Every year tens of thousands of spinal cord injury survivors with non-healing pressure wounds lose precious quality of life when they have to go to bed to heal properly. Some die after having been sent home from hospitals with no hope for healing. Some get clinically depressed after years of fighting recurring infections and even choose to die. With modern medicine making encouraging strides in treating many diseases and conditions, why do pressure sores continue to ruin lives?

“The main problem is a wound care system that is fractured in its ability to deliver needed treatments,” says Dr.
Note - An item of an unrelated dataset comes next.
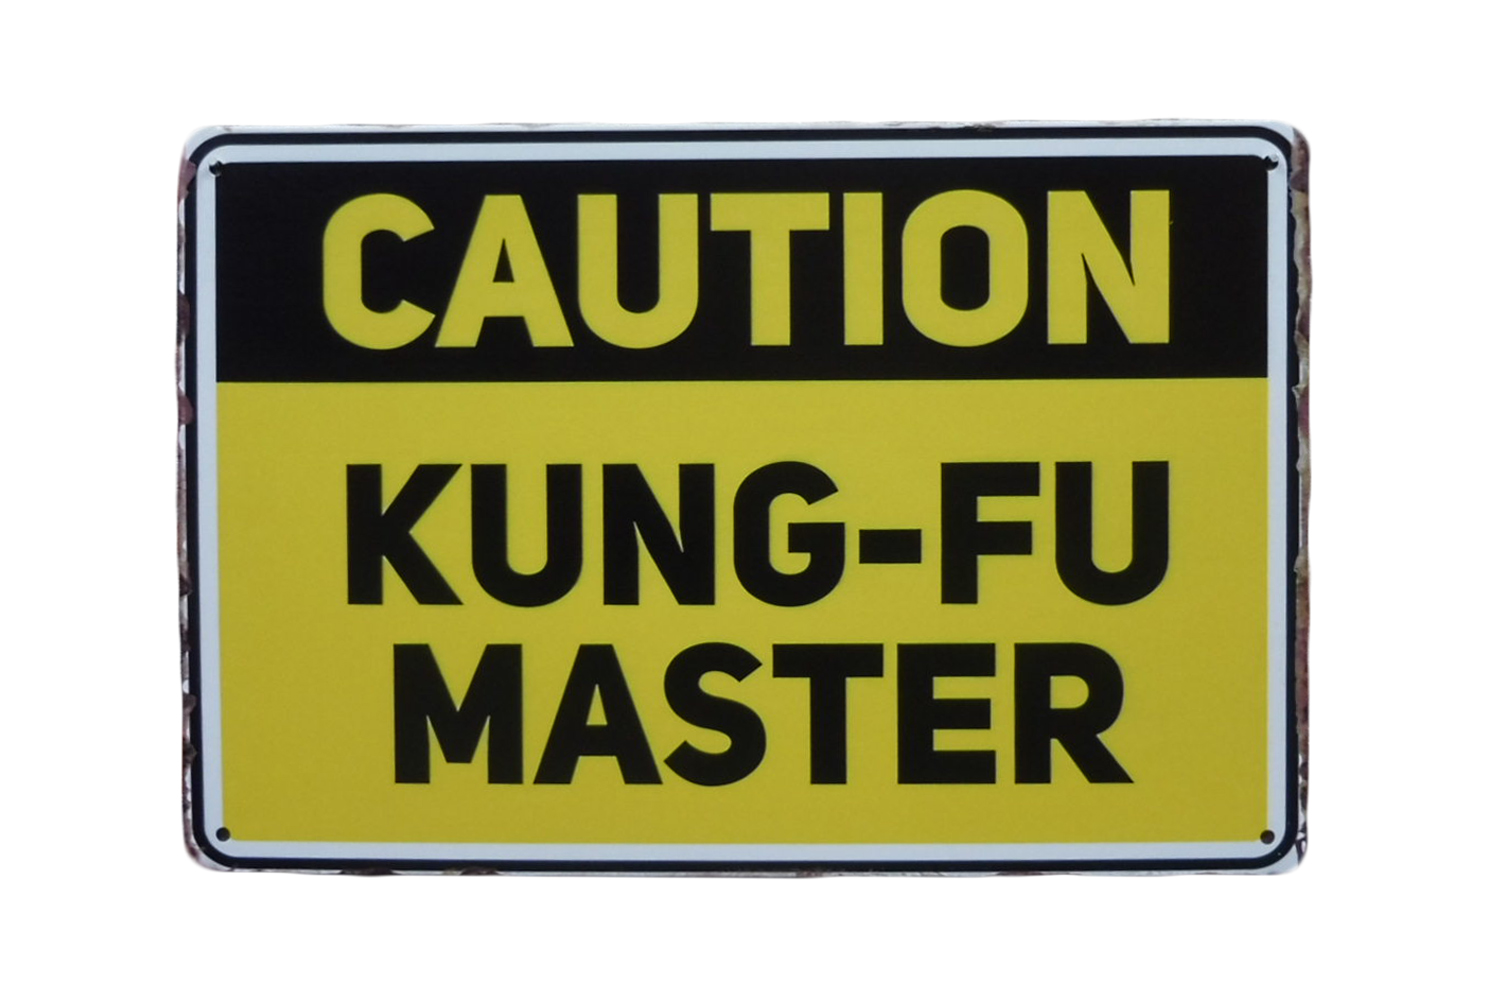 Caution Kungfu Master – Metalen borden

Bruce Ruben, founder of Encompass Healthcare in West Bloomfield, Mich., a facility that is becoming known for its efficient, compassionate, patient-centered ethic. “Nothing I do is novel,” says Ruben. “The medical treatments I use are typically available, but the problem is they are discontinuous — there is no centralized place delivering everything that is needed.” Ruben and his staff treat people 24/7 from their uniquely equipped facility, even doing home calls for wound dressing, IV infusion and grafting. “My whole career has been about keeping people out of hospitals,” he says.

Although board certified in three specialties — infectious diseases, internal medicine, and undersea and hyperbaric medicine — Ruben insists it is not enough. “The problem is wound care is not a recognized specialty. You can’t be a board certified doctor of wound care.” The result, he says, is there are too many people in the field who are not sufficiently knowledgeable about understanding the root causes of non-healing wounds. When combined with an antiquated delivery system, healing does not happen as it should.

The Road to Learning
Early in his career, Ruben saw the dangers inherent in hospital treatment. “Back in 1990 most patients were inpatients when they got an intravenous antibiotic, and to me that seemed ridiculous. One, they were at risk for getting a hospital-acquired infection, and two, after they got their antibiotic, they just laid around in a hospital bed for another 23 hours. It just didn’t make sense to me.”

He got interested in wound care and asked a vascular surgeon if he could attend hospital rounds with the doctor, nurses, physical and occupational therapists. “I saw different opinions and different ideas, and it didn’t seem that there was any commonality in thinking,” he says. “So I decided I would figure out for myself why wounds didn’t heal.”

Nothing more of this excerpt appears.